**TASK GOAL**
Extract from the entries below, exactly as given, only the lines from the line containing "HEMNES/RUTSJÖN wash-stnd w" to the line containing "Anger management training", both lines included.

-------------------------

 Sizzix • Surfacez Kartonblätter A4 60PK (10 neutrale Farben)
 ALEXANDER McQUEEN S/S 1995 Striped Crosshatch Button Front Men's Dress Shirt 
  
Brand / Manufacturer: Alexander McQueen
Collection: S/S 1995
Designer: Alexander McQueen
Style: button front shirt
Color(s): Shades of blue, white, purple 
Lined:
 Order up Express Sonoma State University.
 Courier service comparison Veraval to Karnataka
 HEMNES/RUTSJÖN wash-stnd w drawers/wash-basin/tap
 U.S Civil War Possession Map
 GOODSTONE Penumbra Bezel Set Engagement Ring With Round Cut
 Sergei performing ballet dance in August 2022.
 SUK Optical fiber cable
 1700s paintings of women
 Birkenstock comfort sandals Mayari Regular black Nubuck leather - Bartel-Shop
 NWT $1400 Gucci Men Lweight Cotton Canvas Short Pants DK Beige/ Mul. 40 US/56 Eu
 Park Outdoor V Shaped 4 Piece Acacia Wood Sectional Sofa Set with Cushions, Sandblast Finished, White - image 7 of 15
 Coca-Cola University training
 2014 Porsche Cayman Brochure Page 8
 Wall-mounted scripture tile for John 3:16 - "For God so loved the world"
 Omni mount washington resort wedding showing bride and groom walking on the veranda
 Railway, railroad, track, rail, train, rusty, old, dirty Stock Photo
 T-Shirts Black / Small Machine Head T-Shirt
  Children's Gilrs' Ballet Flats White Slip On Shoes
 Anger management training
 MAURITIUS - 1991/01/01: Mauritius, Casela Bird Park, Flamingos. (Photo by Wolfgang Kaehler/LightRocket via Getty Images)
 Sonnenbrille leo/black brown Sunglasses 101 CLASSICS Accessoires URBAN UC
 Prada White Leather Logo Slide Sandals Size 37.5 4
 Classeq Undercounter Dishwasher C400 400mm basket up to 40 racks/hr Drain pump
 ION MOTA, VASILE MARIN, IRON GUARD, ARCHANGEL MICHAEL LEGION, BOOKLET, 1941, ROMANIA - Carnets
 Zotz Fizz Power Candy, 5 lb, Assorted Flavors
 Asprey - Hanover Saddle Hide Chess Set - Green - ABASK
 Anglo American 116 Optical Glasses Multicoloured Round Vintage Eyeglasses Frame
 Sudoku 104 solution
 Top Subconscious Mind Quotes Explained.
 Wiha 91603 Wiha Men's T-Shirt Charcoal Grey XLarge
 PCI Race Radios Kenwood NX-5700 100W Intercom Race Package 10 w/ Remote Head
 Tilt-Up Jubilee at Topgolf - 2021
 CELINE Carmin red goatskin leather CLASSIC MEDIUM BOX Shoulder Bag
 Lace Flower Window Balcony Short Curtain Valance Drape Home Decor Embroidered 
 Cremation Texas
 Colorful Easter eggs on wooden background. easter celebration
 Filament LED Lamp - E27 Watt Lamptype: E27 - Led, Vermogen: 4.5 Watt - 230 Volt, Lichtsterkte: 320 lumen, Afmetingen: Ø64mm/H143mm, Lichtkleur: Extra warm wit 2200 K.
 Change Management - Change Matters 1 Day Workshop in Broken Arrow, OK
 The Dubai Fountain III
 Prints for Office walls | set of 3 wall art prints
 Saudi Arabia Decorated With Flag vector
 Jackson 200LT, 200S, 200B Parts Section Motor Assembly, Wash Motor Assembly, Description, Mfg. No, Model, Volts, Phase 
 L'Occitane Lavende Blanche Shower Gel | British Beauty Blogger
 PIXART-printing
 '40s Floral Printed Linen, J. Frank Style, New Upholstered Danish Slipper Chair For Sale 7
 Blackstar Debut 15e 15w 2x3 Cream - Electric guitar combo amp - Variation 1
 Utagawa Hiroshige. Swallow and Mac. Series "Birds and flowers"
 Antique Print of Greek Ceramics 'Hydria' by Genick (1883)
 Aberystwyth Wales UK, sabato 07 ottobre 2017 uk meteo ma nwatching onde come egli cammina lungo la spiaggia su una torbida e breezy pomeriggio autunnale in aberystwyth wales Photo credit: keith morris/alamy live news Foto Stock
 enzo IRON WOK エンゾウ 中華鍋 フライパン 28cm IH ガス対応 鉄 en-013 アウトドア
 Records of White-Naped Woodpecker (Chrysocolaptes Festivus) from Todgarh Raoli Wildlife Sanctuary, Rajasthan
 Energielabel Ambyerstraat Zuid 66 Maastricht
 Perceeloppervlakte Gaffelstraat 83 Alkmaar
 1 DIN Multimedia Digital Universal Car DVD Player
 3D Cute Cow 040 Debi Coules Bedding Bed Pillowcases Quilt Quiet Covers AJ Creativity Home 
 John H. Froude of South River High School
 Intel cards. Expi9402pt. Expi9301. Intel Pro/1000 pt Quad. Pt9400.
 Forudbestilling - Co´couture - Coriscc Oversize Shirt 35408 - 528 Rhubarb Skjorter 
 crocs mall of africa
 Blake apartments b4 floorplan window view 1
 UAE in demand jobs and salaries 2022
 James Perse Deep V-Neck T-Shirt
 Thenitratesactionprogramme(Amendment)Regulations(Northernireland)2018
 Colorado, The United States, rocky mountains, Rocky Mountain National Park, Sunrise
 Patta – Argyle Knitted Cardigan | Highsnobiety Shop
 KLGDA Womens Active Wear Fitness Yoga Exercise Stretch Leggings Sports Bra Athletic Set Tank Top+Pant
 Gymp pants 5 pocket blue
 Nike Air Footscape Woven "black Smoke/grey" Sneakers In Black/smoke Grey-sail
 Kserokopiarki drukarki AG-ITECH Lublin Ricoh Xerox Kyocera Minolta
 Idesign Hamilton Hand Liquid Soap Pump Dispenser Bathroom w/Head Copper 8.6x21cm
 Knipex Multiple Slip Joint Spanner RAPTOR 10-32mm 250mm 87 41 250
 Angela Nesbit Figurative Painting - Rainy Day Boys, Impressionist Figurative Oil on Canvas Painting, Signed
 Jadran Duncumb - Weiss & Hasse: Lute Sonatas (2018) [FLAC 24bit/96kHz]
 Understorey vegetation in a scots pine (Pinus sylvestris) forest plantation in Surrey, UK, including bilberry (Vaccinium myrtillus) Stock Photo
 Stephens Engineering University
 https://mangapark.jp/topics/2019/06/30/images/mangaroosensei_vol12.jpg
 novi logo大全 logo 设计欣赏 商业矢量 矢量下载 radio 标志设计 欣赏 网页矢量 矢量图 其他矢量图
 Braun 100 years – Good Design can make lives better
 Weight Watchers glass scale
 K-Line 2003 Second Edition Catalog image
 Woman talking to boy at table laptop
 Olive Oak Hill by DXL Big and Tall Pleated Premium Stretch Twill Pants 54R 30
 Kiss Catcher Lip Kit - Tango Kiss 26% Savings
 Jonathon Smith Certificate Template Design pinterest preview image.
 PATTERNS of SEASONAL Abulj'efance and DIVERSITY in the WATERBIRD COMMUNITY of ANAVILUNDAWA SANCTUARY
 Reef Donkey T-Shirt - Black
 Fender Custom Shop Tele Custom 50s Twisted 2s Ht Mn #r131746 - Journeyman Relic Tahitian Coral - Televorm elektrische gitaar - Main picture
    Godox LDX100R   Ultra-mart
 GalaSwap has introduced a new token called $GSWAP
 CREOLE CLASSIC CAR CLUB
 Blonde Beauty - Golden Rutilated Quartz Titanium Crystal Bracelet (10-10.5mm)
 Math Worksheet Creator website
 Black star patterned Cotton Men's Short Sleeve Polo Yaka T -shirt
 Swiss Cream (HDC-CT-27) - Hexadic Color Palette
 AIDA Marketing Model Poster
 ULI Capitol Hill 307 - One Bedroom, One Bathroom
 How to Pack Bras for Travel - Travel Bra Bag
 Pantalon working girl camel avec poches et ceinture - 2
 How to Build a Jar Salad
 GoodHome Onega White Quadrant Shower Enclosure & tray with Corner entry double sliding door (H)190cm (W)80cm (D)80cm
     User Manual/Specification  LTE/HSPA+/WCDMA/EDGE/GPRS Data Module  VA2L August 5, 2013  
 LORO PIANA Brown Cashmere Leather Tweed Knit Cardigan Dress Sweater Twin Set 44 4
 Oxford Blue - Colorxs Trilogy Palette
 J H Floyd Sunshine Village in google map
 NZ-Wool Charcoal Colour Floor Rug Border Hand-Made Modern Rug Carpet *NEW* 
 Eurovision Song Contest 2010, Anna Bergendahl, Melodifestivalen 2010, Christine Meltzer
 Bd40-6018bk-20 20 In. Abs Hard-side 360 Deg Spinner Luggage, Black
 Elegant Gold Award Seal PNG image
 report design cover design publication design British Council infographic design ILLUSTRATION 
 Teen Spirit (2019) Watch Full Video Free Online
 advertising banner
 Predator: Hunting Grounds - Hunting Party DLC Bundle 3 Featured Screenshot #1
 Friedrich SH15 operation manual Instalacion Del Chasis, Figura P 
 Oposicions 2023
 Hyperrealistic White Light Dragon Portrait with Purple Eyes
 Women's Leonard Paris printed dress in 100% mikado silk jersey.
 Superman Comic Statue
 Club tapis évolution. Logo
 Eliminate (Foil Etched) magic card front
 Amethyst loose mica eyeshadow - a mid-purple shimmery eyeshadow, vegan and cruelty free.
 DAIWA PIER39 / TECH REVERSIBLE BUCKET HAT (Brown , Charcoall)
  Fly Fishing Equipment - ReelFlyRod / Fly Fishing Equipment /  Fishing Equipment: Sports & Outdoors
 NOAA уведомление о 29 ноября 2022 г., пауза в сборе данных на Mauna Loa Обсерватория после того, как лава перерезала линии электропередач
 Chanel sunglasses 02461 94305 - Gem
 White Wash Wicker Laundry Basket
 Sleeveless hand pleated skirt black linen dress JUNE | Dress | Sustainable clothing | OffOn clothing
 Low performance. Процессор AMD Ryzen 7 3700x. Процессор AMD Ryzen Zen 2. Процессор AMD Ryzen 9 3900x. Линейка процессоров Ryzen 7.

-------------------------

**ANSWER TO THE PROBLEM**
 HEMNES/RUTSJÖN wash-stnd w drawers/wash-basin/tap
 U.S Civil War Possession Map
 GOODSTONE Penumbra Bezel Set Engagement Ring With Round Cut
 Sergei performing ballet dance in August 2022.
 SUK Optical fiber cable
 1700s paintings of women
 Birkenstock comfort sandals Mayari Regular black Nubuck leather - Bartel-Shop
 NWT $1400 Gucci Men Lweight Cotton Canvas Short Pants DK Beige/ Mul. 40 US/56 Eu
 Park Outdoor V Shaped 4 Piece Acacia Wood Sectional Sofa Set with Cushions, Sandblast Finished, White - image 7 of 15
 Coca-Cola University training
 2014 Porsche Cayman Brochure Page 8
 Wall-mounted scripture tile for John 3:16 - "For God so loved the world"
 Omni mount washington resort wedding showing bride and groom walking on the veranda
 Railway, railroad, track, rail, train, rusty, old, dirty Stock Photo
 T-Shirts Black / Small Machine Head T-Shirt
  Children's Gilrs' Ballet Flats White Slip On Shoes
 Anger management training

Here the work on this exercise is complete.